Peut-être d'autres auteurs partageront-ils cette impression, ou au contraire, me trouveront complètement à côté de la plaque. Mais, j'ai finalement mis au rebut ma frustration initiale pour plonger dans cet univers musical virtuel. Me créer mon propre univers musical dans ce contexte romanesque précis et faire fonctionner de plus belle mon imagination.
Et d'ailleurs, en jetant un oeil à la brève biographie de Célia Houdart, qui ouvre le Folio que j'ai en main, je vois qu'en plus de son travail d'écrivain, elle est aussi artiste et réalise des oeuvres sous forme de parcours sonores. Décidément, avec Célia Houdart, on est toujours en train de concevoir, d'imaginer, plus ou moins virtuellement. Mais souvent avec une finalité musicale.

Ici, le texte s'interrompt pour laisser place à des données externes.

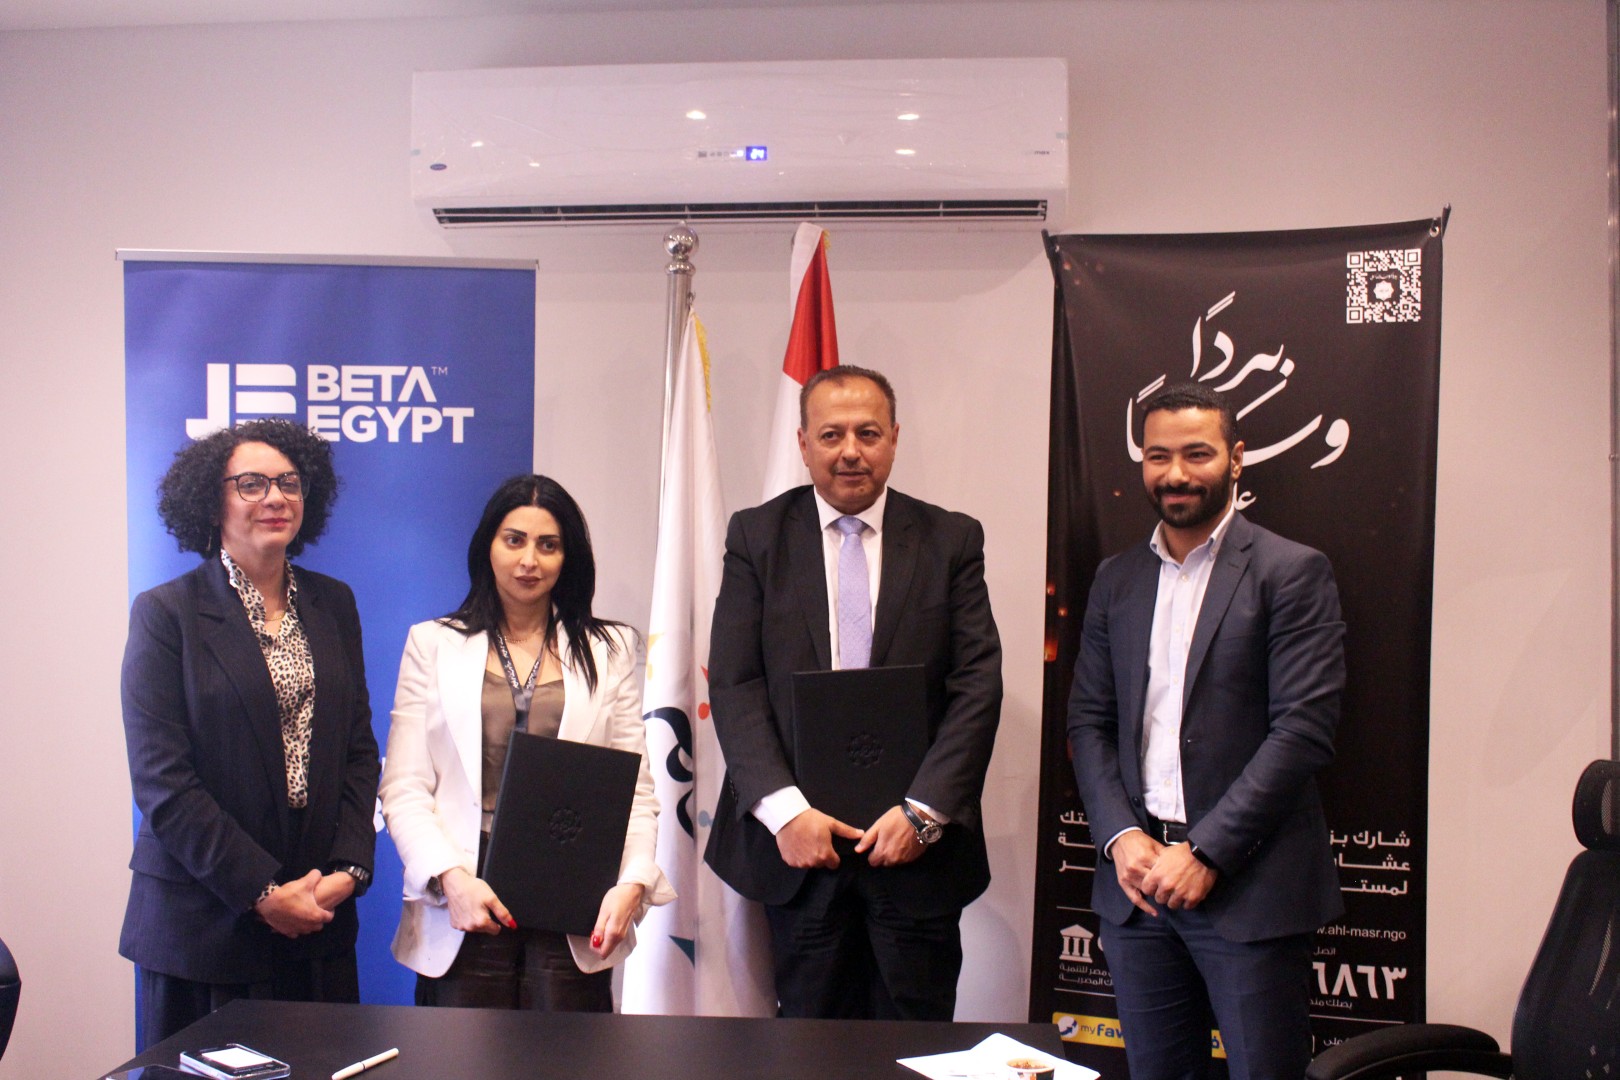 فعاليات توقيع بروتوكول تعاون بين شركة بيتا ايجيبت للتنمية العمرانية ومؤسسة أهل مصر للتنمية

J'ai évoqué le dénouement du roman, un mot. La scène finale est très déroutante. Là encore, même si je voulais vous en parler plus en détails, j'en serais probablement bien incapable... A chacun son interprétation, encore une fois. En ce qui me concerne, elle a renforcé cette idée d'une histoire étroitement associée au rêve, même si je me garderais bien d'affirmer qu'il s'agisse de cela.
Cependant, je dois dire que ce final a également alimenté ma réflexion sur un autre point. Là encore, c'est très subjectif, mais c'est une impression qui m'a accompagné pendant la majeure partie de ma lecture. Et cette impression, c'est la profonde solitude dans laquelle vit Gil. Une rançon de la gloire ? Peut-être, dans un second temps, mais d'abord un sacrifice nécessaire pour atteindre les objectifs fixés.
Il y a, dans ce livre, une quête initiatique, celle d'un jeune homme qui cherche sa voie (sa voix ?) et doit ensuite non seulement s'y épanouir, mais s'y maintenir et se rapprocher d'un idéal impossible à atteindre. Gil se découvre. Découvre un don remarquable. Mais sans travail, un don n'est rien, alors il faut sans cesse remettre le métier sur l'ouvrage et ce presque sacerdoce isole forcément un peu.
Le travail. Et le succès, aussi, plus encore, certainement. Pourtant, Gil n'est pas complètement seul, son parcours est jalonné de rencontres toutes plus importantes les unes que les autres qui vont faire de lui ce chanteur exceptionnel. Des opportunités qu'il saisit, des choix qu'il fait. Mais, rien de véritablement intimes, ce sont d'abord des relations professionnelles, artistiques.
Pourtant, je le redis, Gil n'est pas seul : son père, l'ami avec lequel il part à Uzès, ce fameux voyage qui va conditionner la suite de sa vie, un camarade de conservatoire, un agent... On lui découvre même des relations amoureuses, mais, pour l'une, difficile à pérenniser en raison des emplois du temps et l'autre qui va durer longtemps, c'est vrai, mais que le lecteur n'est pas invité à découvrir plus avant.
Et cela donne un côté très humain à ce personnage parfois un peu froid, peu expansif mais qui s'anime véritablement, qui prend vie lorsque la musique lui prête son souffle. Gil ne se consacre pas seulement à elle, elle lui rend son abnégation, son travail mais aussi sa passion en le transformant. En en faisant un Artiste.